- [Work task]:
Return each line of the listing below, unchanged, and omit the images.

==== Supplied material

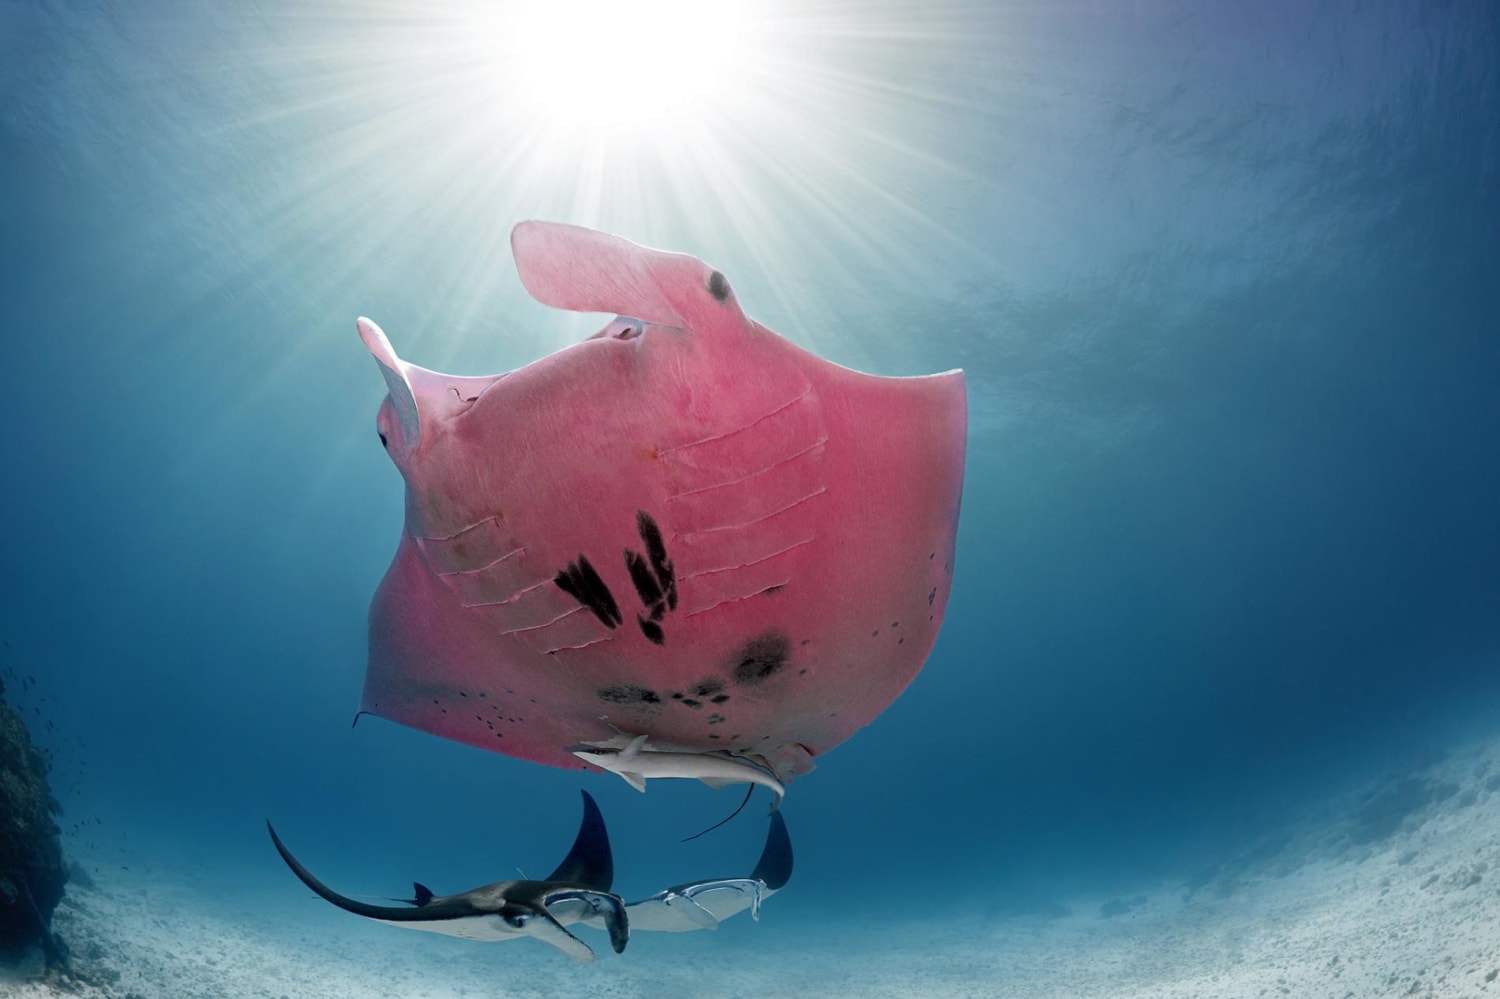 How did this rare pink manta get its color?
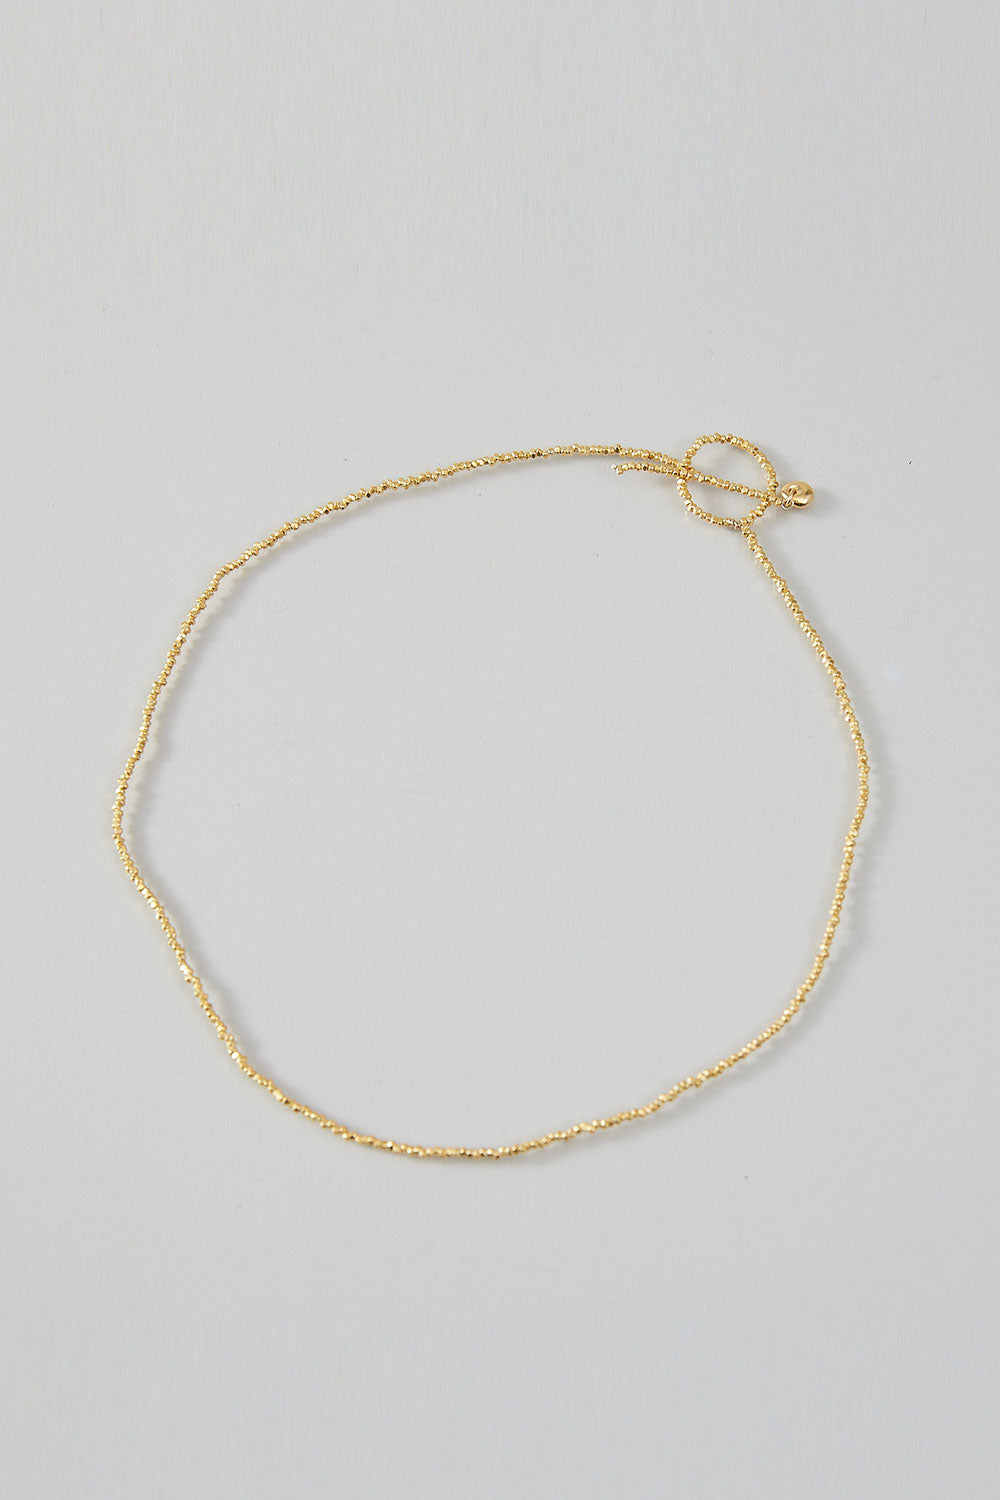 BEADS SHORT NECKLACE 39CM / Gold
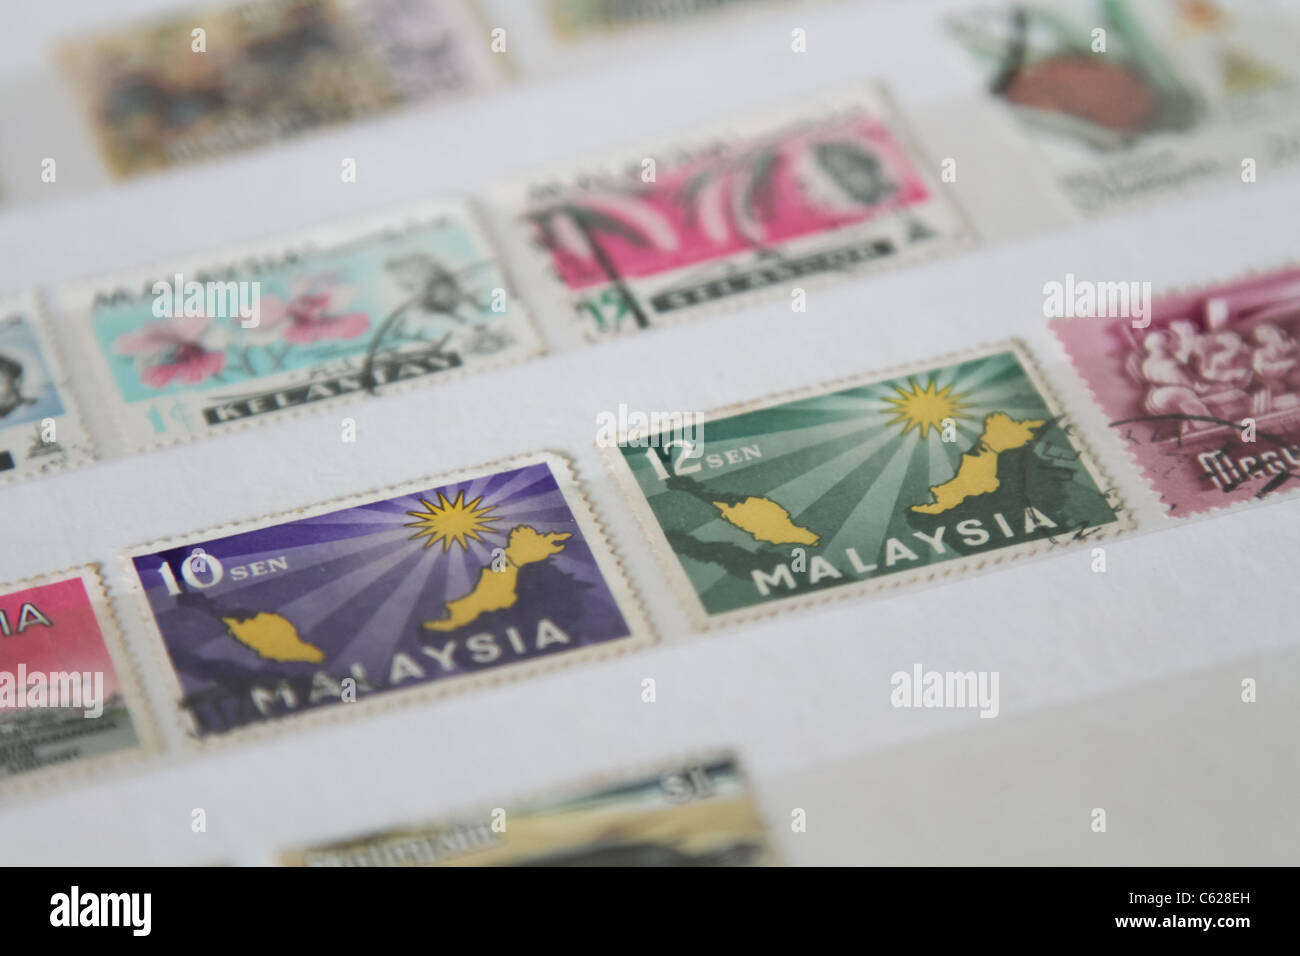 Malaysia stamp stamp collection Stock Photo
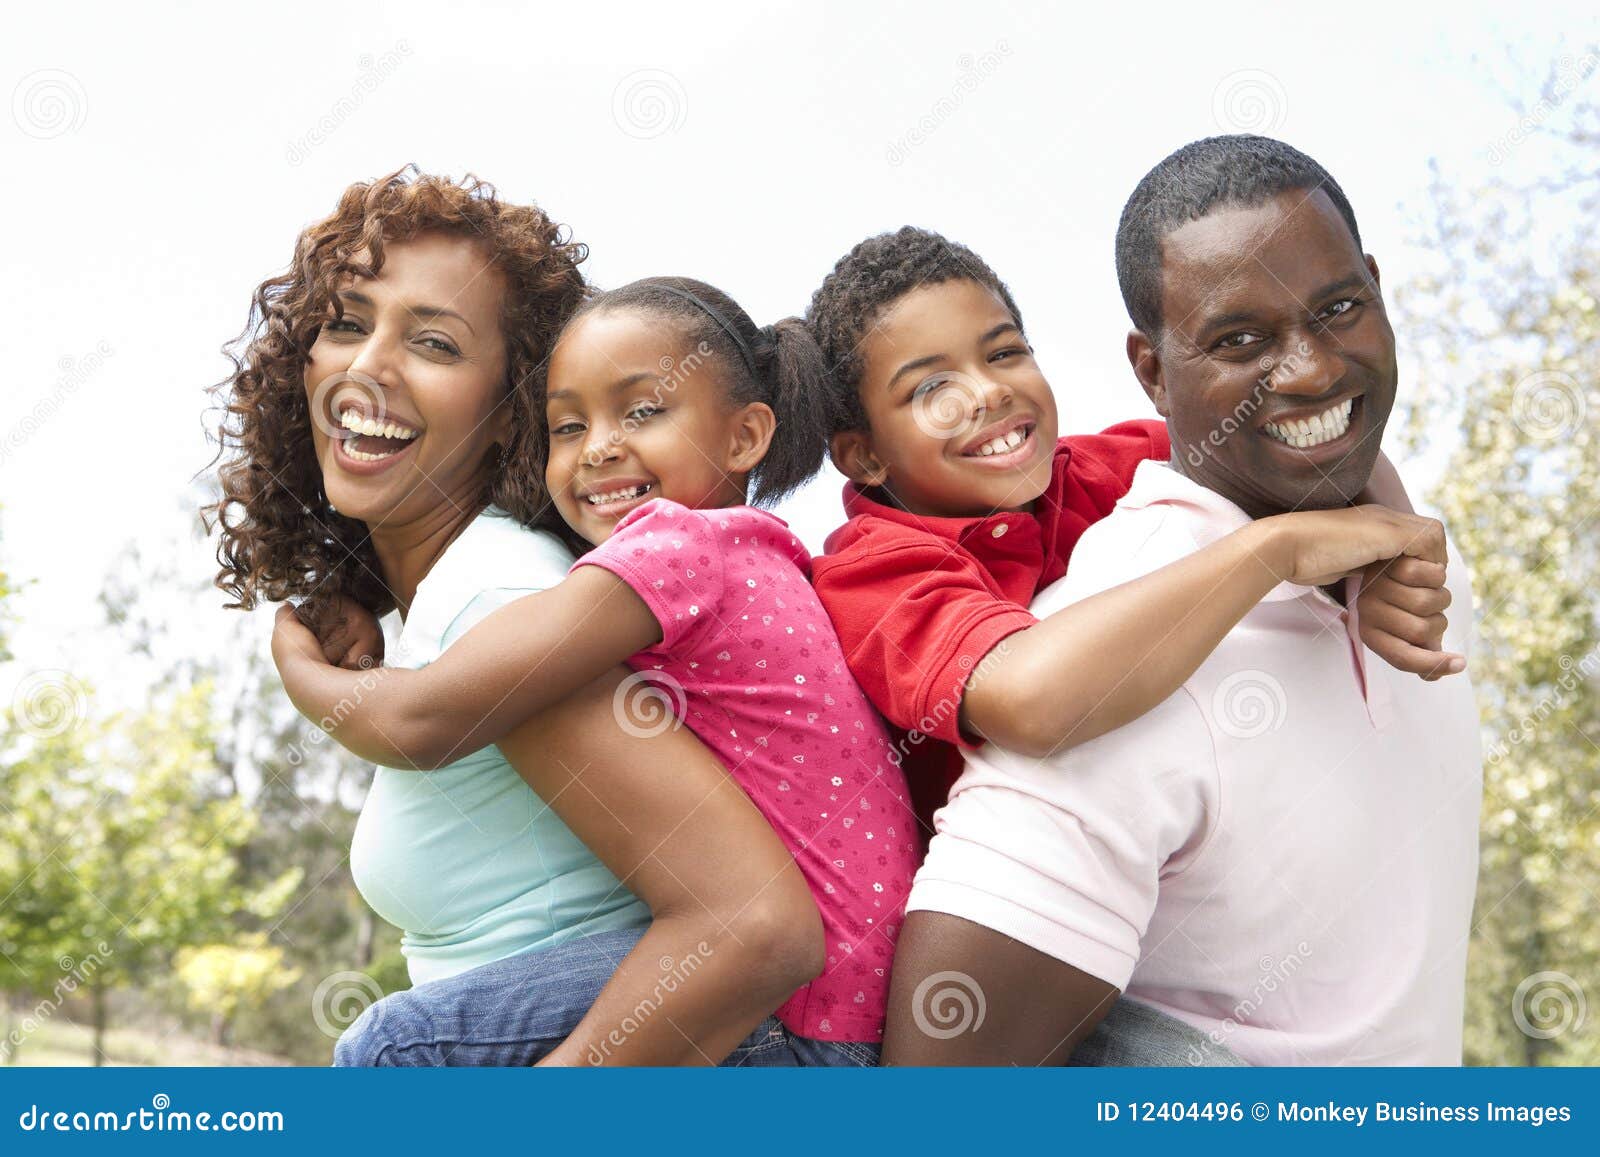 portrait of happy family in park

========

- [Answer to this exercise]:
 How did this rare pink manta get its color?
 BEADS SHORT NECKLACE 39CM / Gold
 Malaysia stamp stamp collection Stock Photo
 portrait of happy family in park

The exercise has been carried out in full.